> [Task item]:
Output the data unchanged and complete, minus the images.

> [Recorded information]:

================================

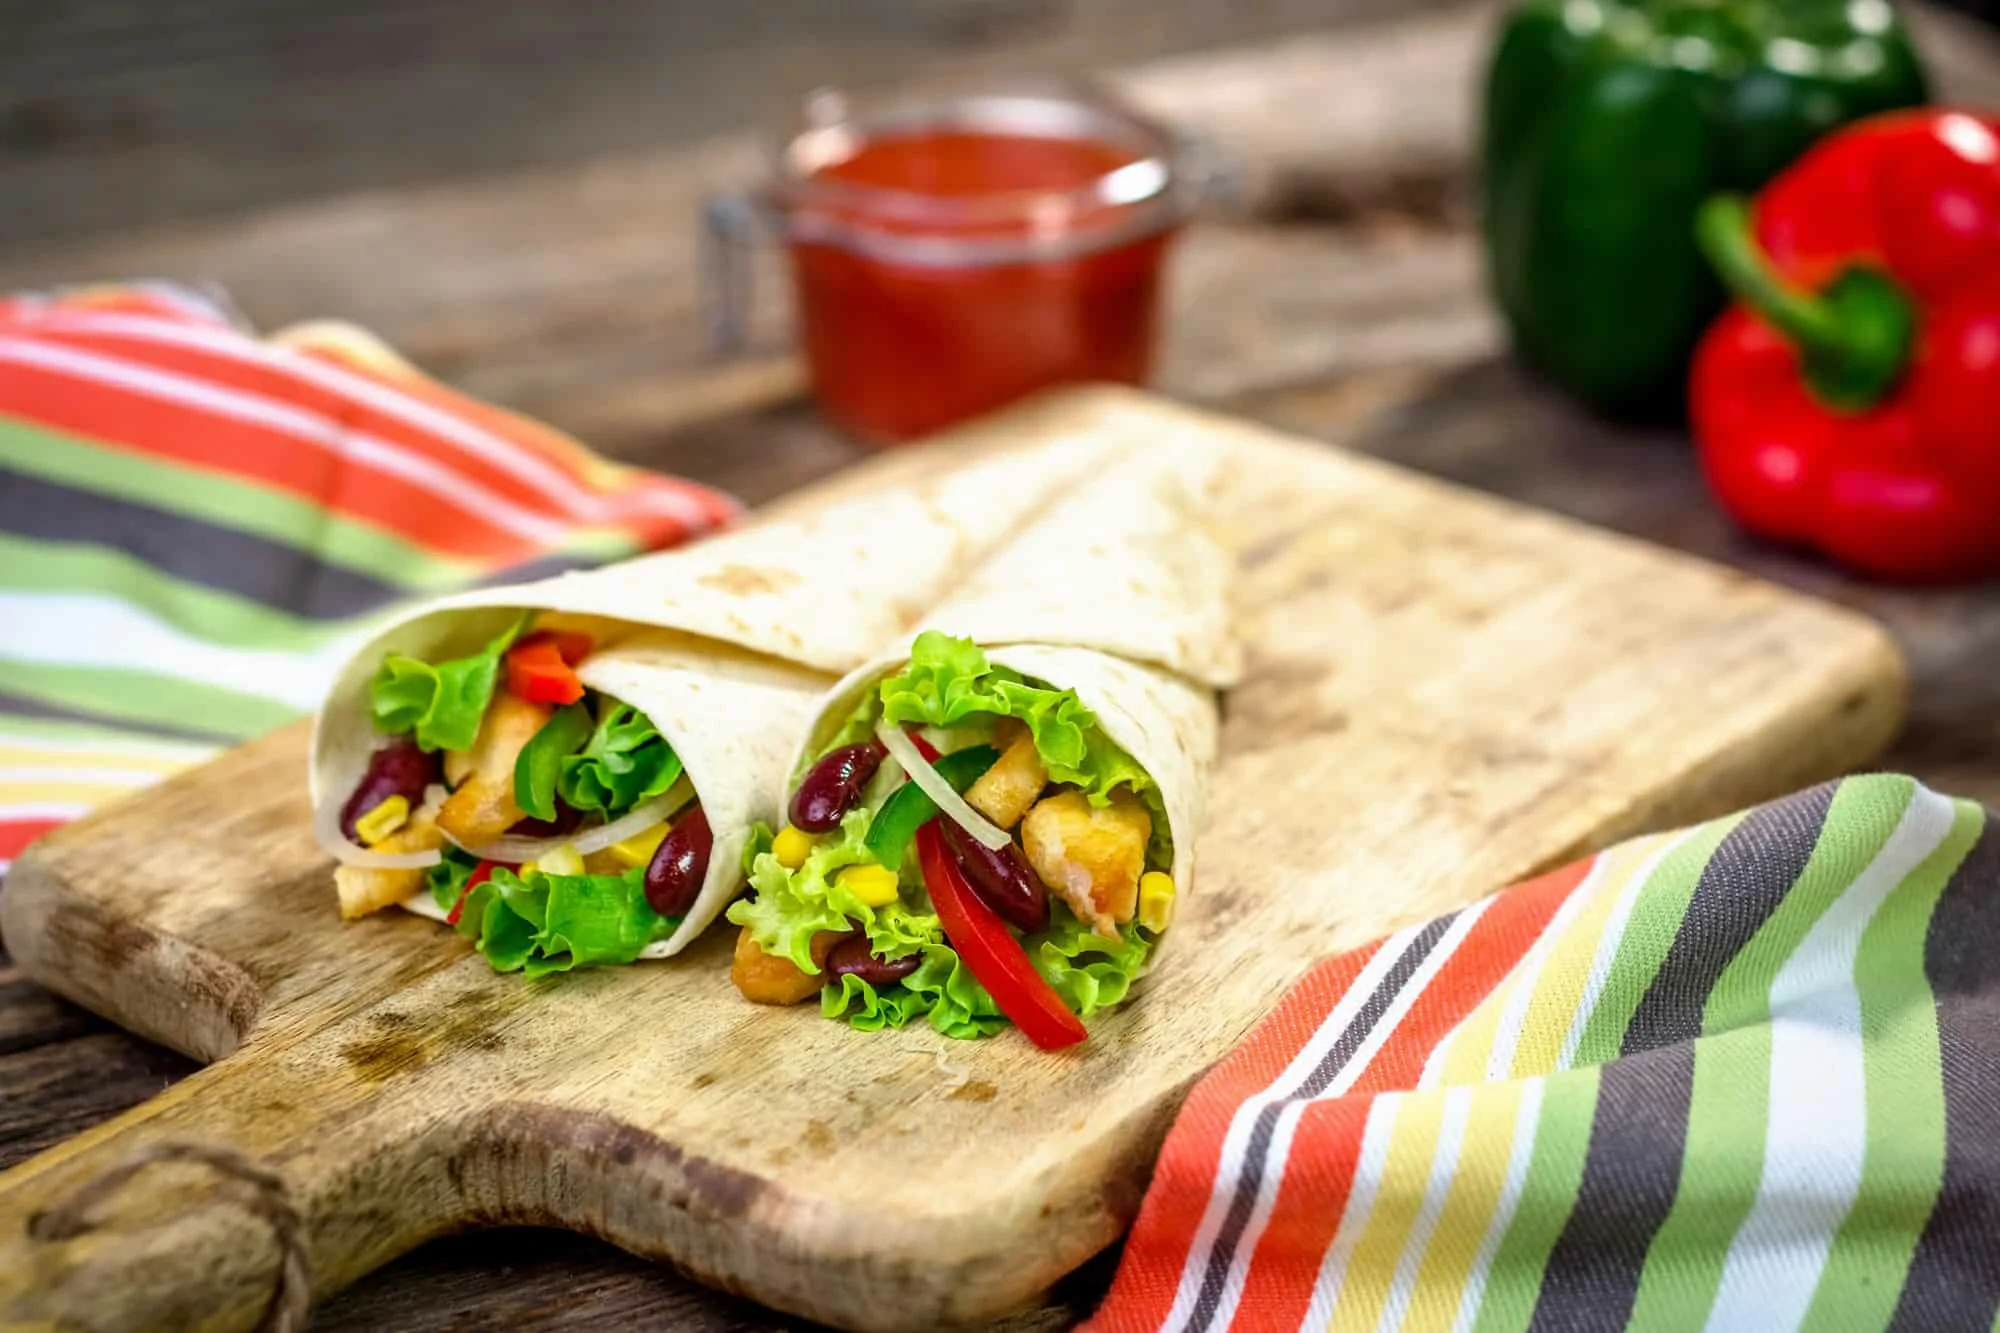 Meat and vegetables wrapped in a tortilla
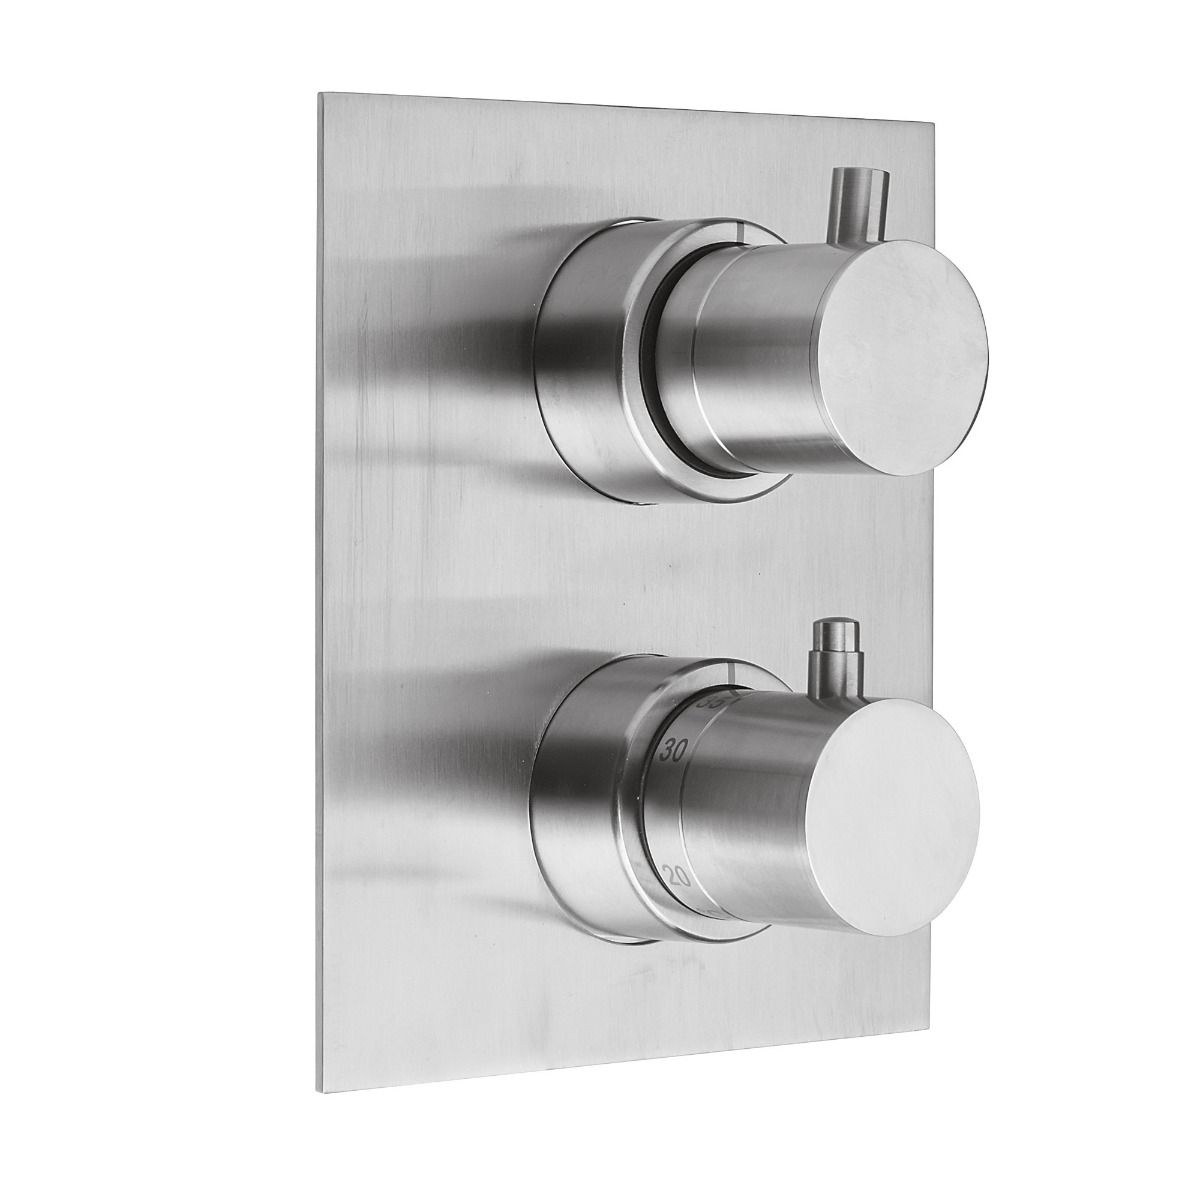 Concealed Dual Control Shower
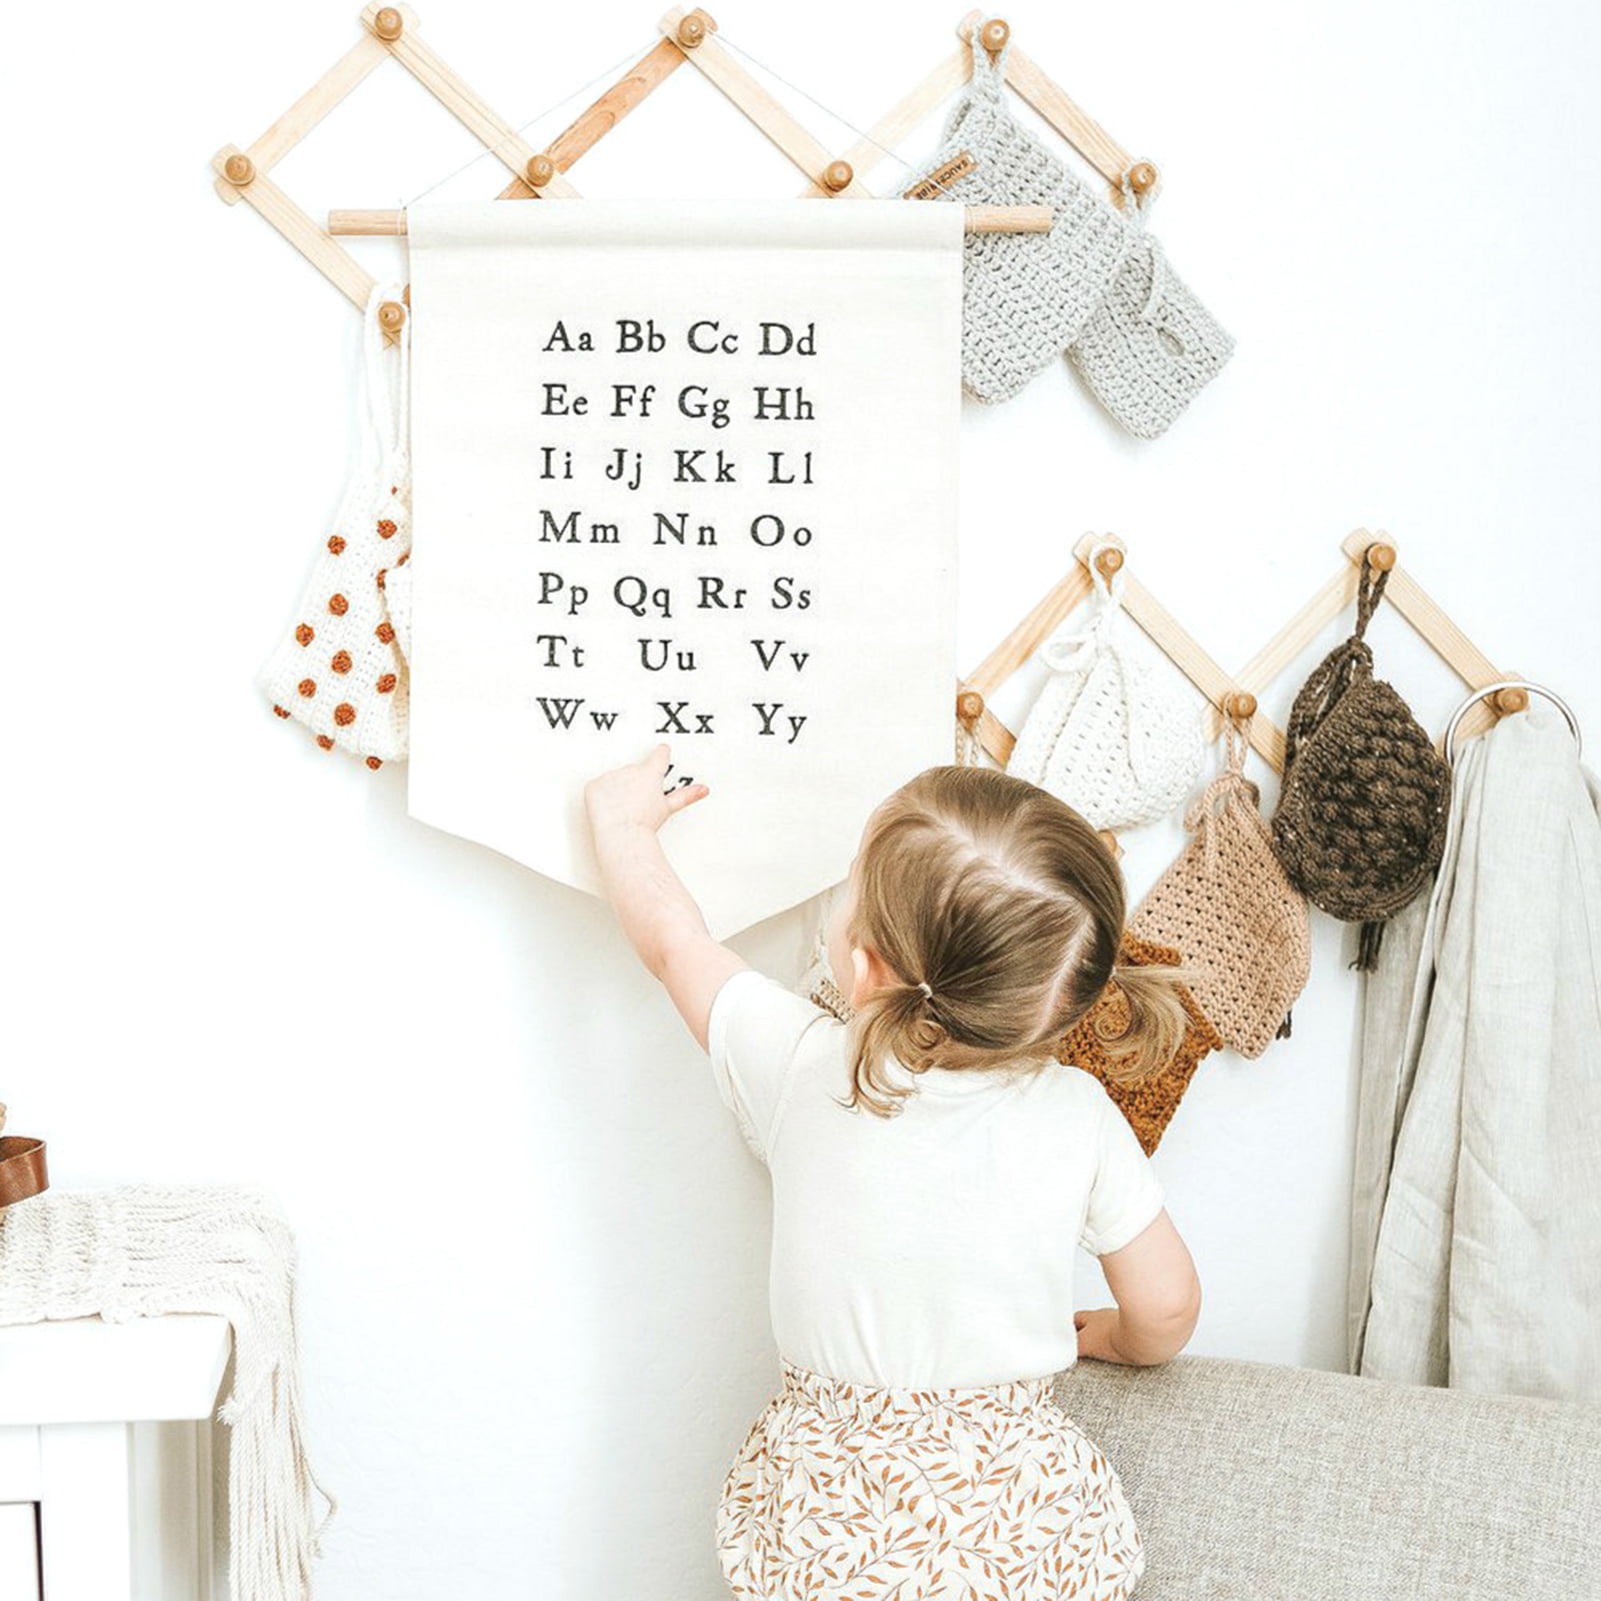 Baby Boy Teen and Kids Room Letter Cotton Alphabet Wall Hanging Decoration for Baby Girl Nursery Wall Canvas Banners Home Decorative Plaque 
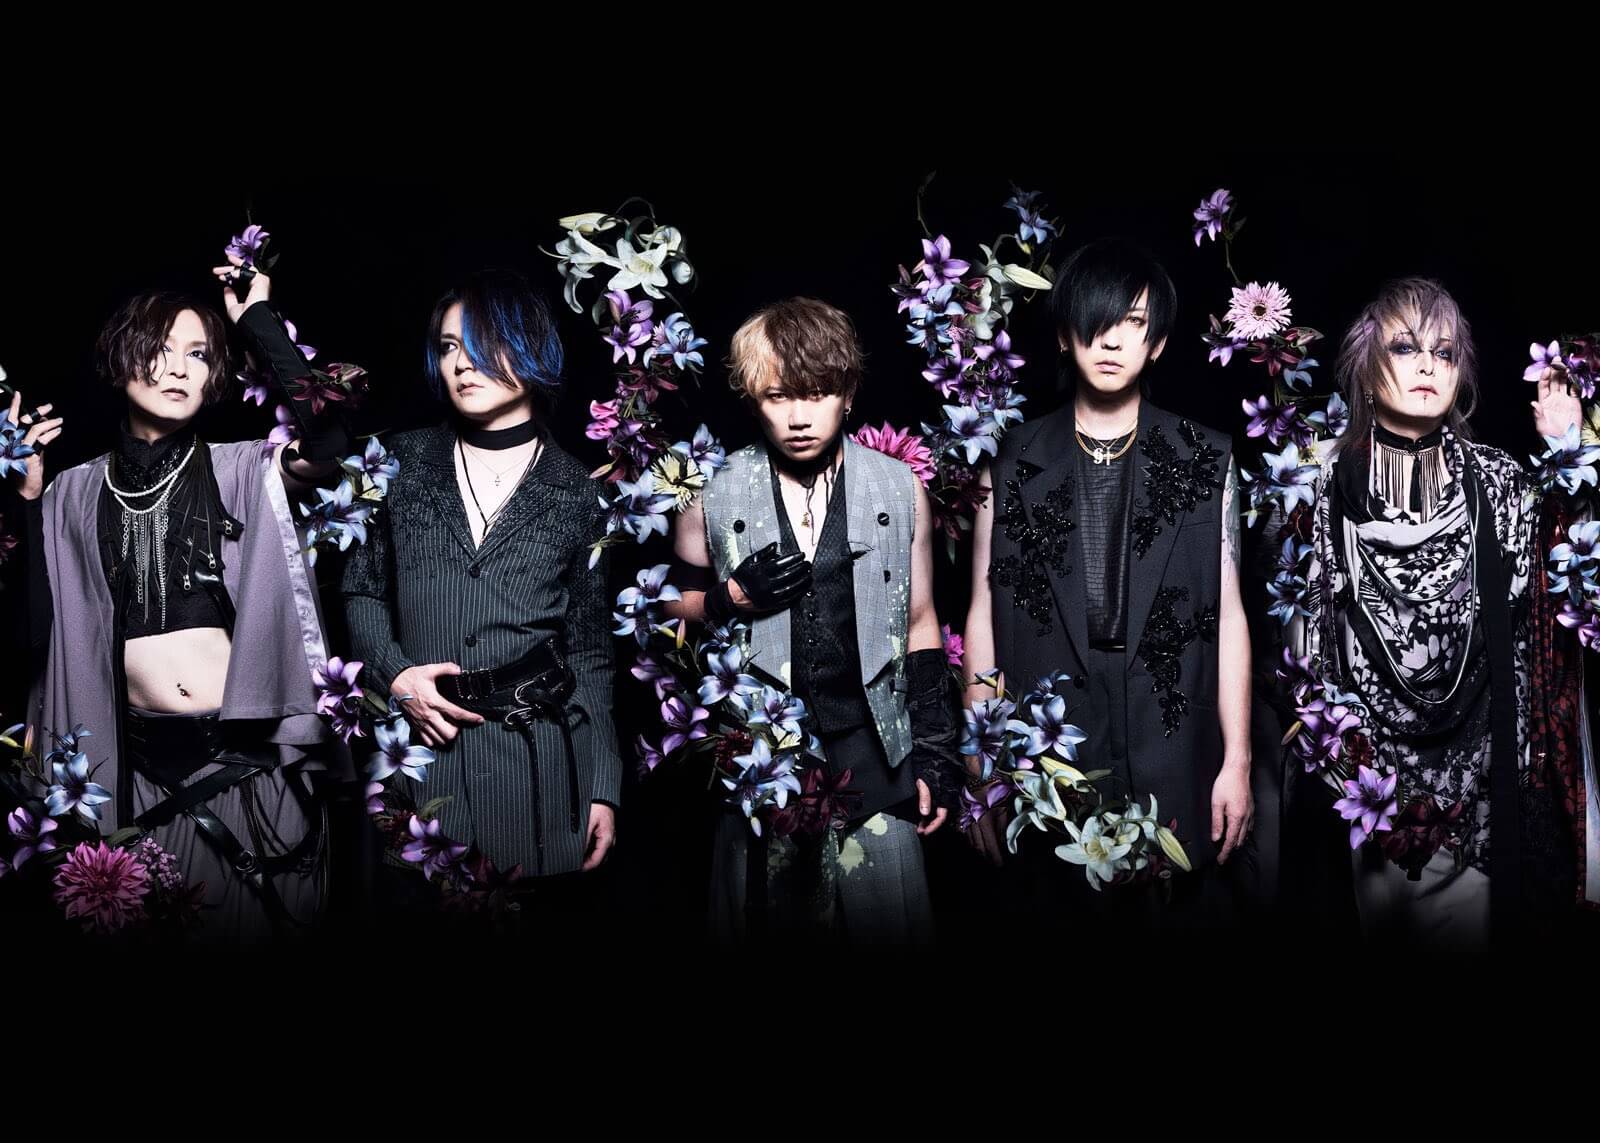 NIGHTMARE new maxi-single: “With”

================================

> [Finished exercise]:
 Meat and vegetables wrapped in a tortilla
 Concealed Dual Control Shower
 Baby Boy Teen and Kids Room Letter Cotton Alphabet Wall Hanging Decoration for Baby Girl Nursery Wall Canvas Banners Home Decorative Plaque 
 NIGHTMARE new maxi-single: “With”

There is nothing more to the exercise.